Why We Built Our Own Note-Taking Tool

The problem with notes

My notes are everywhere.

Class notes in Notion. Meeting minutes in a Feishu (飞书) doc that's technically owned by my company. Voice memos on my phone from a Tencent Meeting (腾讯会议) call. A paper notebook for the stuff I think better on paper. A half-filled Obsidian vault I keep meaning to get back to.

None of it is in one place. None of it connects. And when I need to reference what someone said two weeks ago in a project kickoff, I'm digging through four apps and still not finding it.
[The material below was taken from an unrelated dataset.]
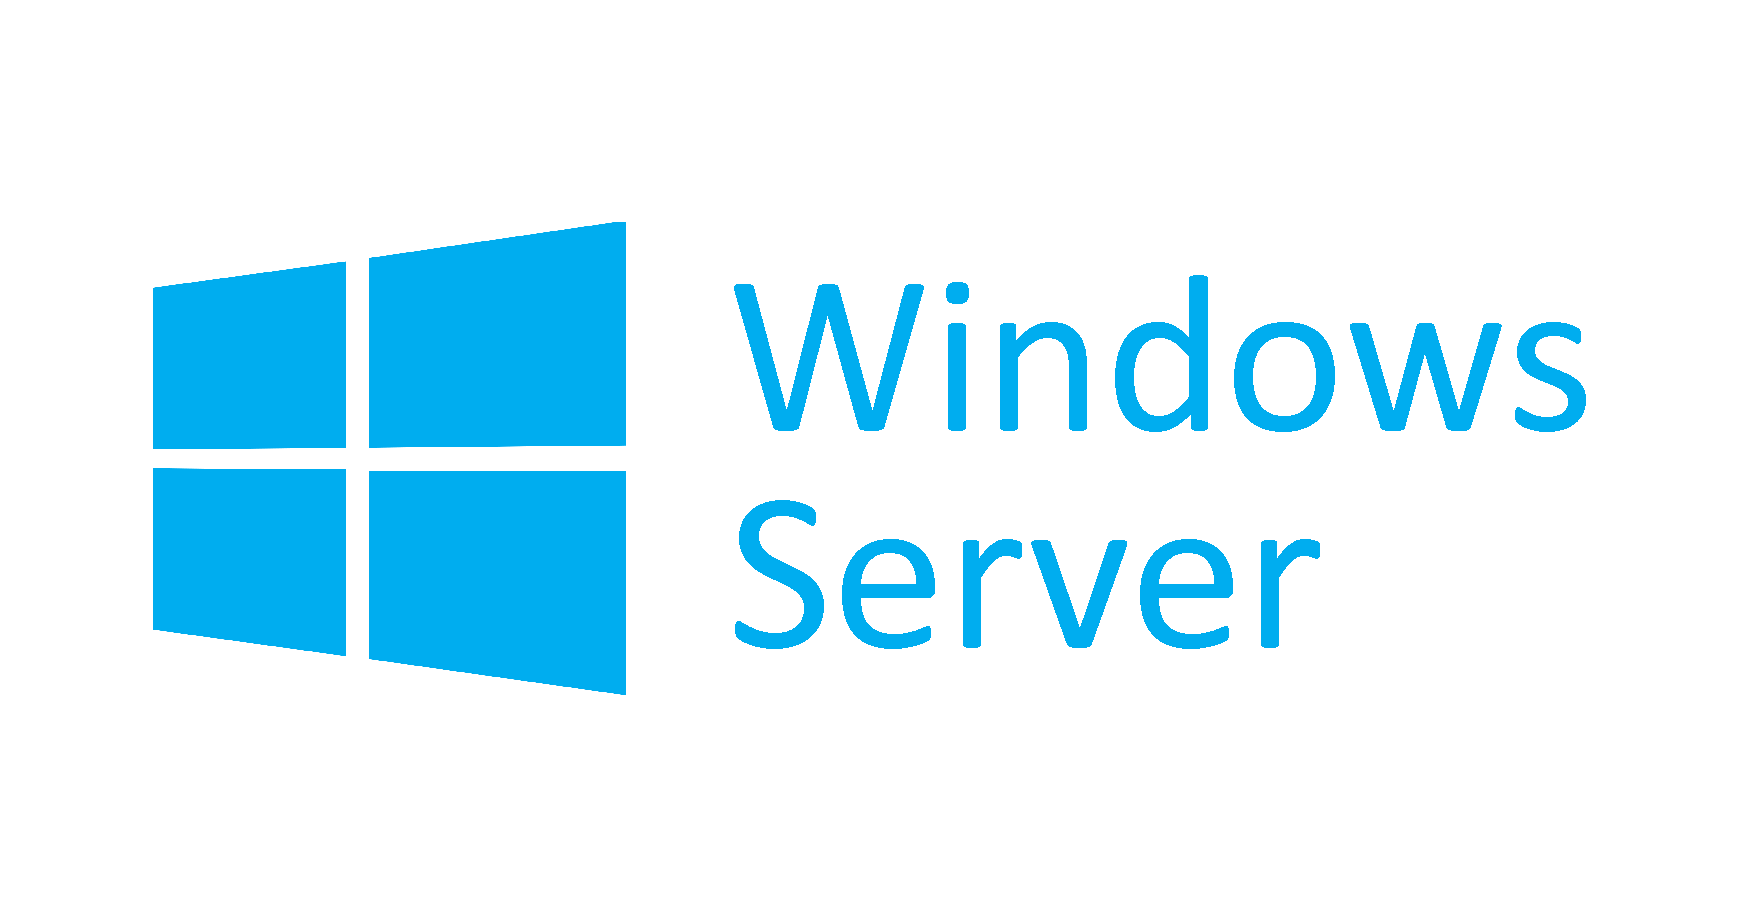 Microsoft Windows Server Logo - Microsoft Risc&259 S&259 Bu&537easc&259 &537i Windows Server Prin ...

The problem is how these tools are built: each one is locked to its own ecosystem. Feishu only records Feishu meetings. Tencent Meeting only processes Tencent Meeting. Granola only works on Mac. None of them handle mixed Chinese-English conversations well. If you're switching between 3–5 platforms a day — which most Chinese professionals are — your notes stay fragmented by default.

The existing tools miss something

Granola is the closest thing to what we wanted. It listens to your meeting and produces AI notes afterward. The experience is genuinely good — no bots, no interruptions, just background recording.

But the transcript is the primary input. Your own notes are an afterthought. The output is a summary of what was said, not a document that reflects how you think.

A transcript summary is only as good as what was said out loud. But meetings don't capture everything — context lives in the preparation notes, the pre-read, the decision criteria you'd written down before the call. Granola has no way to incorporate any of that.

And Chinese support is weak. Mixed Chinese-English meetings — where you switch mid-sentence — degrade the experience significantly. Formulas don't render. Slash commands break Chinese input. The editor assumes English-only workflows.

A different philosophy

InkWeave starts from the opposite direction: your notes are the primary input, the transcript fills in what you missed.

Granola:   transcript → AI summary
InkWeave:  your notes + transcript → AI synthesis → structured document

The AI connects what was said to what you were already thinking. The output reflects how you reason, not just what happened in the room.

InkWeave works in three modes:

Notes only — paste rough notes, get a structured document (no audio needed)
Audio only — upload a recording, transcript-only mode
Notes + audio — highest quality output, the mode it was designed for

Building it together

InkWeave started with a late-night phone call. I was in a low mood — the kind of night where you call a friend without a specific reason. Jialong and I ended up throwing around half-formed ideas the way you do when you're tired but still thinking. At some point the idea clicked just enough for us to say, "okay, let's actually try this." We started building the next day.

Two weeks later, we were pushing commits back and forth at a pace that honestly surprised both of us. Jialong came in with almost no coding background. He didn't carry the same assumptions I'd picked up from classes and past projects — sometimes that meant slower starts, but other times he'd go in a direction I wouldn't even consider. What surprised me was how much I learned just from watching him explore.

One thing became clear pretty quickly: the bottleneck wasn't the system. The AI could process notes, generate structure, and synthesize content almost instantly. What slowed us down was something much more human — figuring out what to ask. Writing clear prompts, structuring inputs, deciding what actually matters. The faster the system got, the more obvious our own thinking speed became as the limiting factor.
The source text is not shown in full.